[Re: [OE-core] Summary of the remaining 6.5 kernel serial issue (and 6.5 
summary)] On 10/10/2023 (Tue 21:53) Richard Purdie via lists.openembedded.org 
wrote:

> On Tue, 2023-10-10 at 21:37 +0100, Richard Purdie via
> lists.openembedded.org wrote:
> > I've been asked how to reproduce this setup more easily outside of
> > OEQA. I hacked this up:
> > 
> > https://www.rpsys.net/wp/rp/simpleqemu.tgz
> > 
> > extract it, hack the paths in commands.py to point at a qemux86-64
> > build of core-image-minimal and then "./commands" should boot an qemu
> > image using the system's qemu binary as it would during the QA tests,
> > setting up the two serial ports as it would during tests.
> > 
> > Obviously I've just brutally hacked this out of the QA code so there
> > are plenty of sharp edges. It should allow the serial setup to be
> > replicated and experimented with more easily though without bitbake
> > involved.
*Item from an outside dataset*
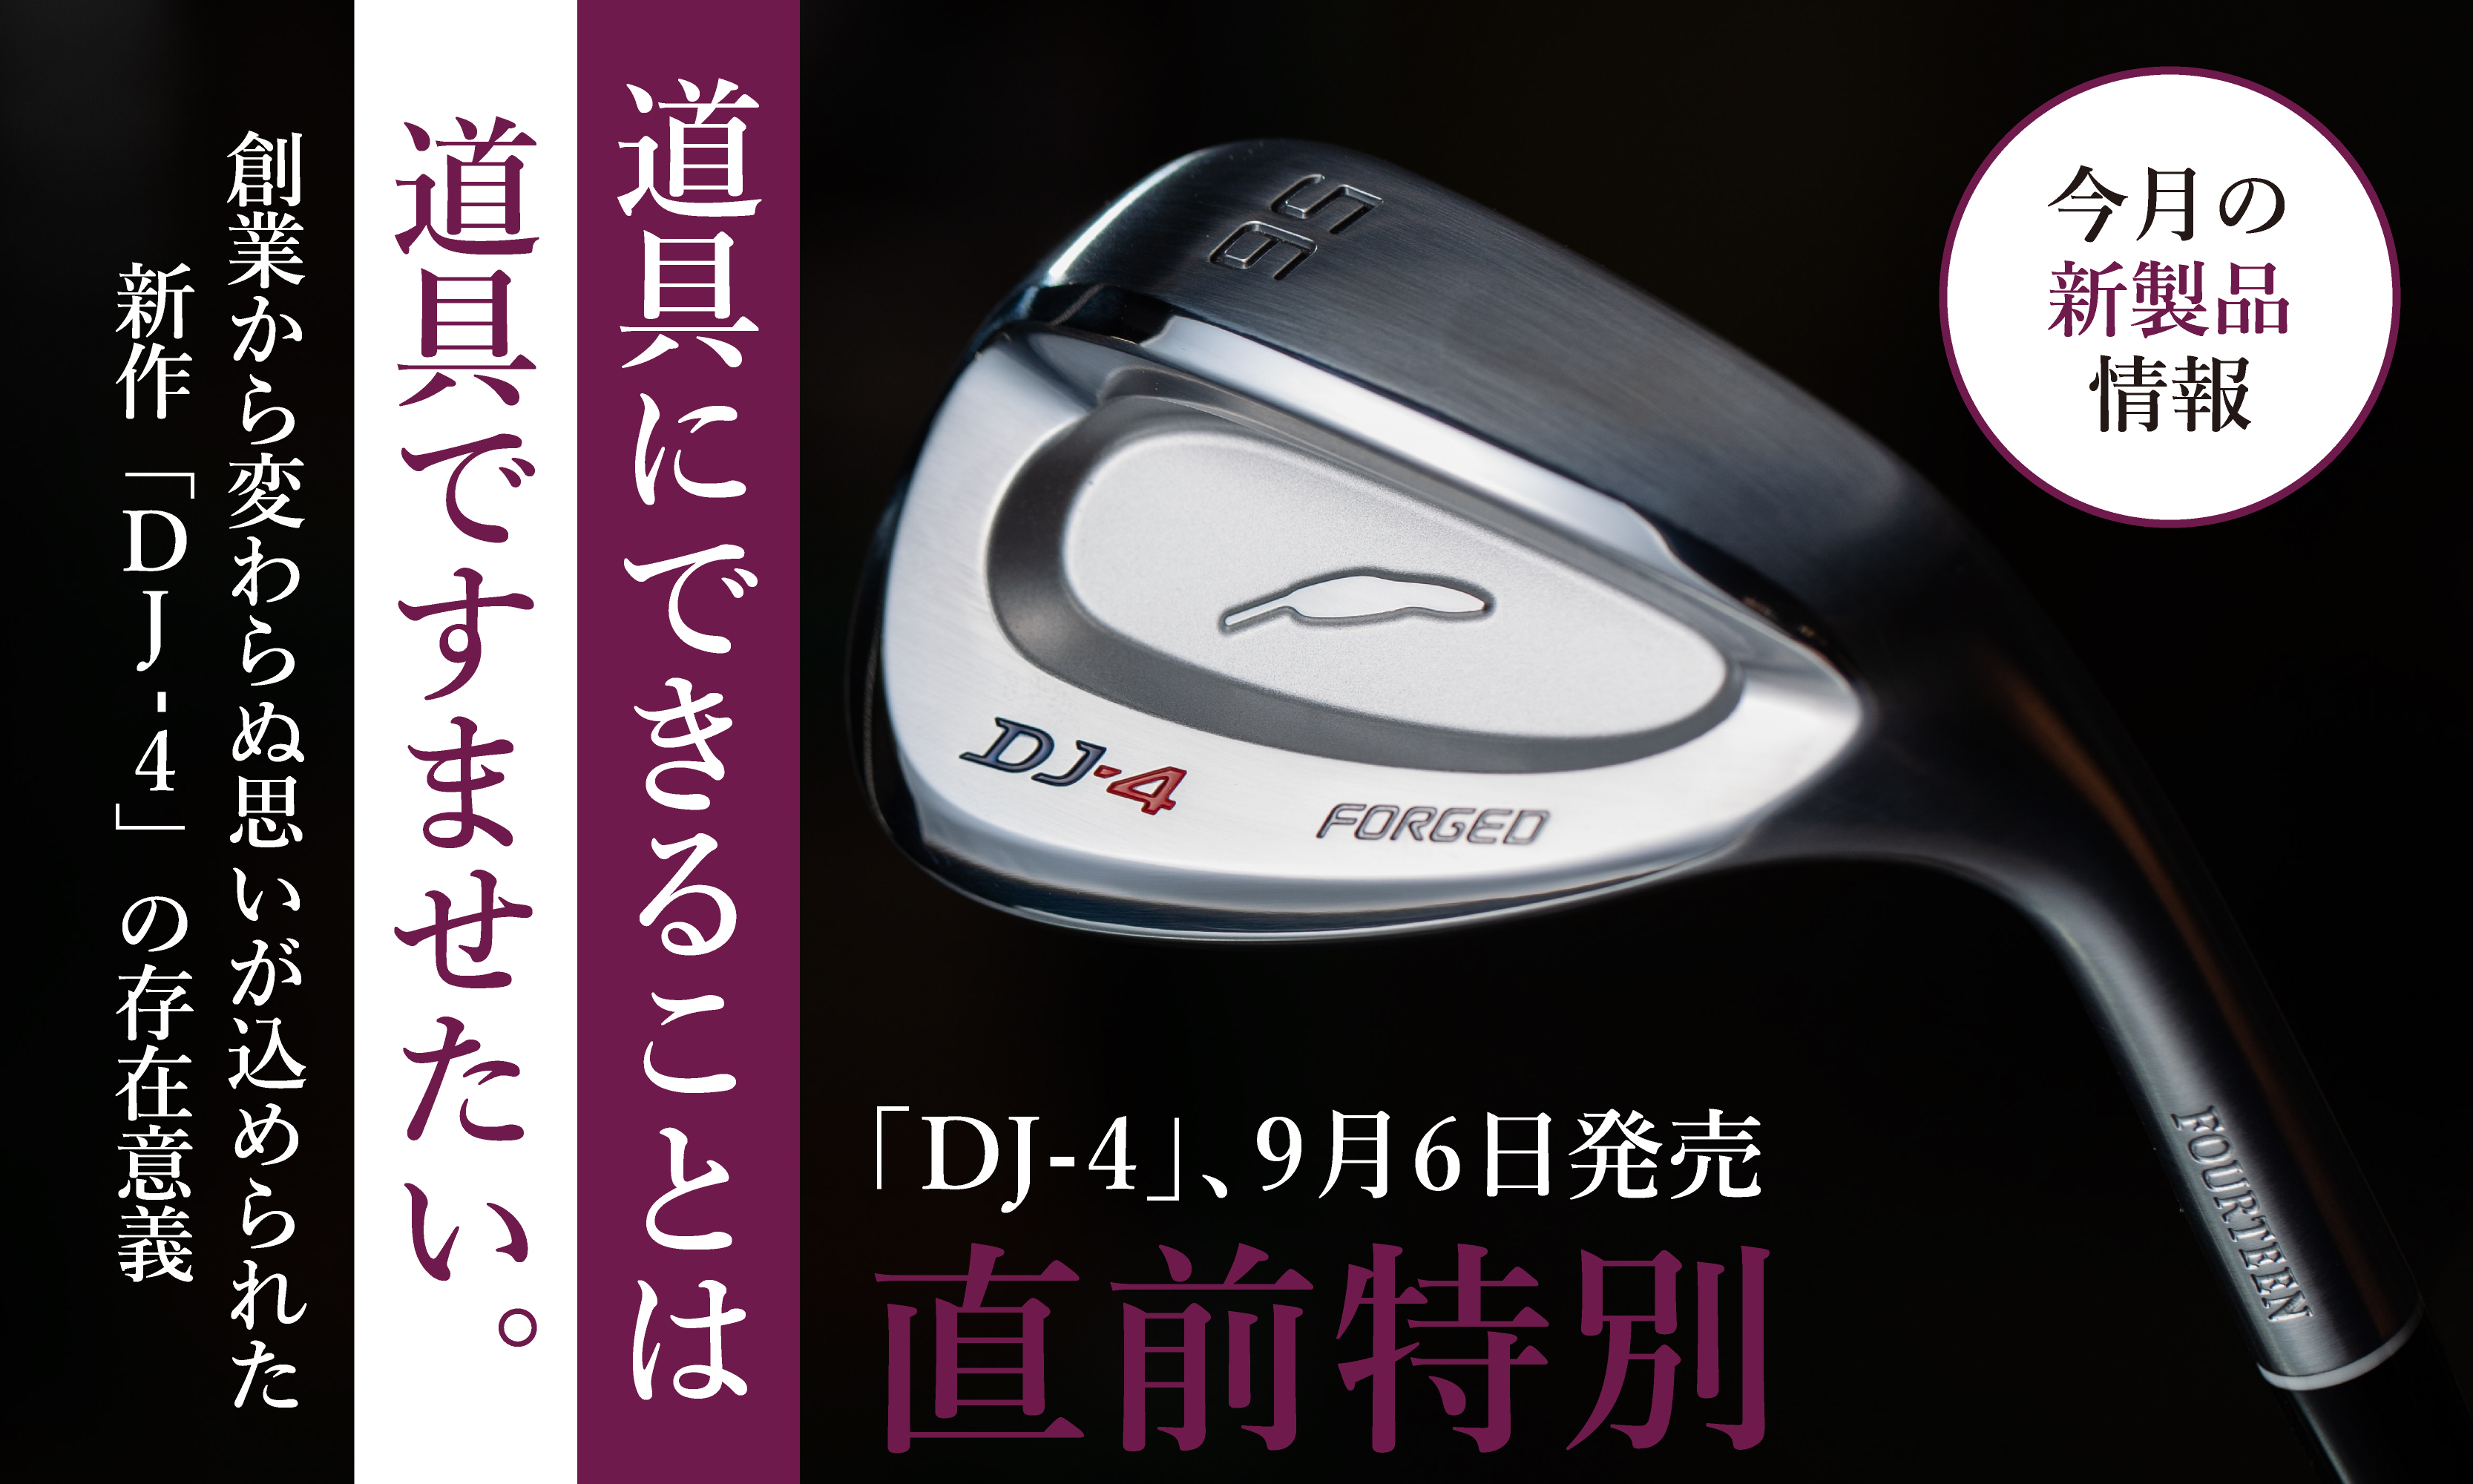 DJ-4 発売直前情報

It could be cut down a lot more too.
> 
> and set runqemuparams = 'nographic' in commands.py if you can't cope
> with graphics :).

So I think we are onto something here.  Let me rewind a bit to provide
a bit of context for those who didn't follow the IRC discussion.

The OE/QA is running qemu with the "-serial tcp:<IP>:<port>" option and
binds to that directly through python.  In theory, one should also be
able to use netcat/socat (or even telnet) to bind to the qemu TCP via
manual command line testing without the autobuilder/OEQA python.

But I couldn't get that to work without getting "broken" echo behaviour
and similar tty/terminal odd characters displayed.  As that was also
observed on v6.1 and mickledore, I didn't want to go off on a wild goose
chase after something that probably has nothing to do with the issue at
hand here.

Hence leading to what Richard created above.  The basic premise is that
similar to the AB output, we are looking for log files ending in ".2"
that are from ttyS1 -- that are smaller than normal - indicating that a
getty wasn't able to get the login banner out successfully.  Now the results.

After 300 runs on mickledore with v6.1, all the .2 files were the same
size - 477 bytes.

After 155 runs on today's master with v6.5 kernel, I got two runs where
instead of 477 bytes, they were 345 bytes.

dot-two$ls -l1|wc -l
155
dot-two$ls -l1| grep -v 477
total 616
-rw-r--r-- 1 pgortmak users 345 Oct 10 17:54 qemu_boot_log.20231010175351.2
-rw-r--r-- 1 pgortmak users 345 Oct 10 18:43 qemu_boot_log.20231010184307.2

The difference?  The "short" files ended with "Starting crond: OK" and
were missing the login banner:
   --------
   Poky (Yocto Project Reference Distro) 
4.2+snapshot-0fb1ff0ffb527a6364cef7159c0d9dcb879e8dd9 qemux86-64 ttyS1

   qemux86-64 login:
   --------

Similarly, for the ttyS0 logs, if we strip off the printk.time prefixes
thus allowing us to diff the corresponding "outlier" case against any
one of the 153 "normal" cases, we see that this line is missing:

Last login: Tue Oct 10 22:40:31 +0000 2023 on /dev/ttyS1.

...which makes sense, since the login never appeared on ttyS1 for OEQA
to interact with and login to.

(interesting that otherwise, ttyS1 always "wins" the race to update
wtmp/utmp over ttyS0)

Anyway, that works out to approximately a reproduce factor of a dismal
1.5% by my math.  Ugh.  But at least it isn't coupled to a full build!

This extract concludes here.